The Ministry of Public Health will on Tuesday ask the cabinet to propose an amendment to the Narcotics Act in a bid to allow doctors and traditional healers to plant cannabis for medical and financial purposes.
The bill, if passed, would allow doctors, traditional healers and patients to grow cannabis for treatments. However, they would have to be certified to grow.
While farmers would be able to seek permission to grow cannabis, they would also work with the pharmaceutical industry to grow the plant for medicinal purposes, Paisarn Dunkum, secretary-general of the Food and Drug Administration (FDA), said.
In addition, manufacturers of medicinal products would be allowed to produce and export their cannabis and compete in the domestic and international markets, Dr Paisarn added.
He noted that competing in the international market would help the country save money and use it instead to import other types of medicine.
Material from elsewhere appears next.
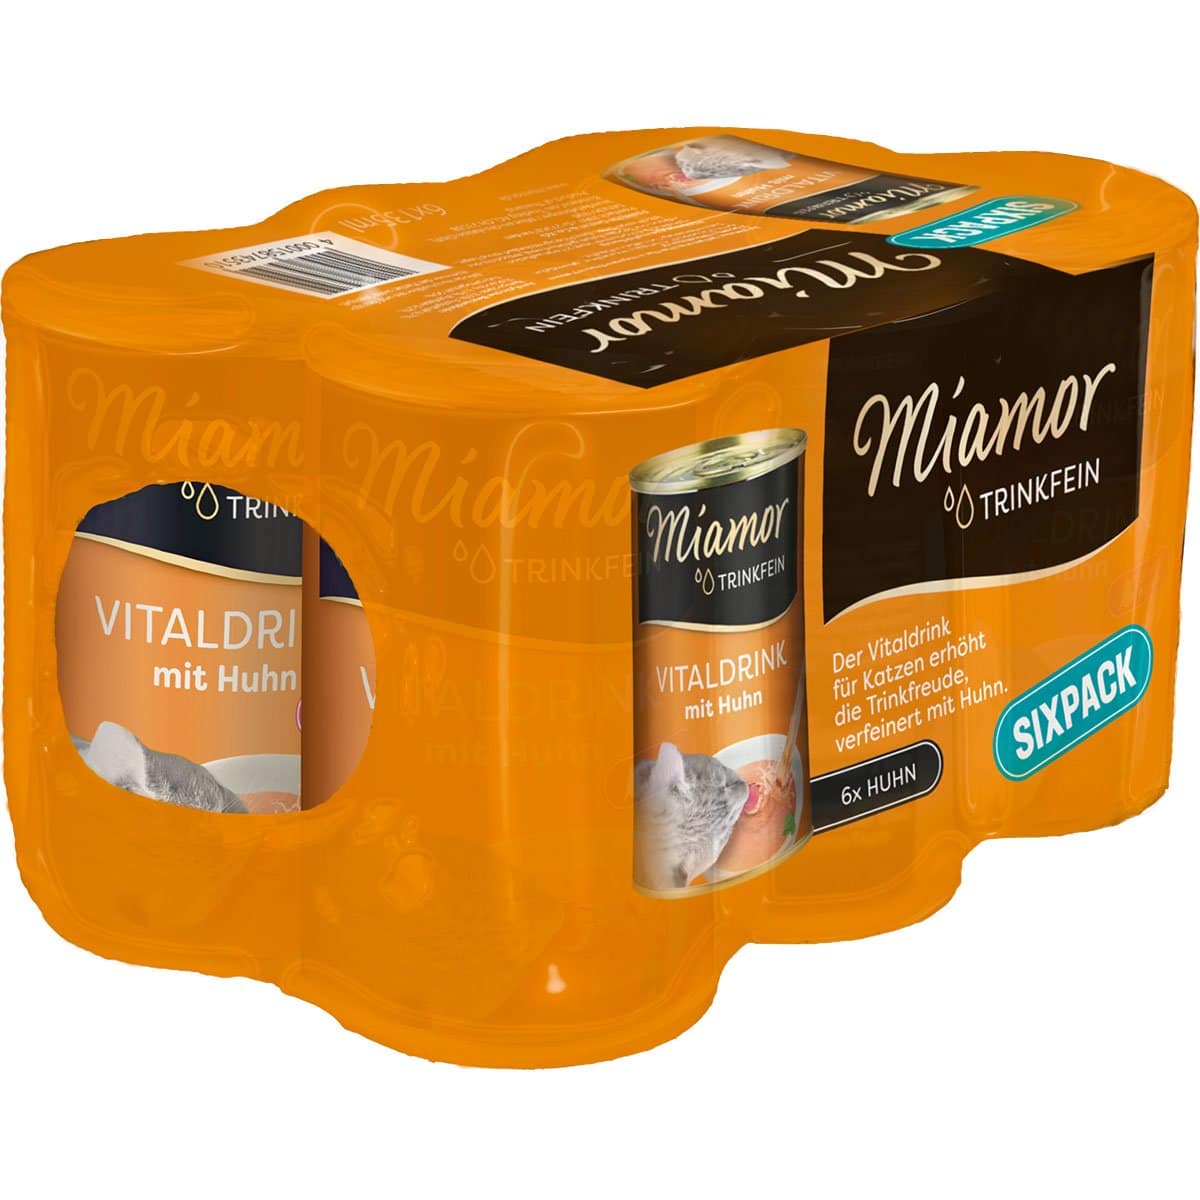 Miamor Trinkfein - Vitaldrink mit Huhn Sixpack 24x135ml

Cannabis products can be used alongside modern treatments, the secretary-general said.
"This will be another step for our country to become a leader that applies cannabis systematically in the medical field," Dr Paisarn said.
The draft law on the amendment has been approved by drug control committees and other government agencies, such as the Office of the Council of State (OCS), Office of the Attorney General (OAG), Royal Thai Police (RTP), Office of the Narcotics Control Board and Medical Council, he said.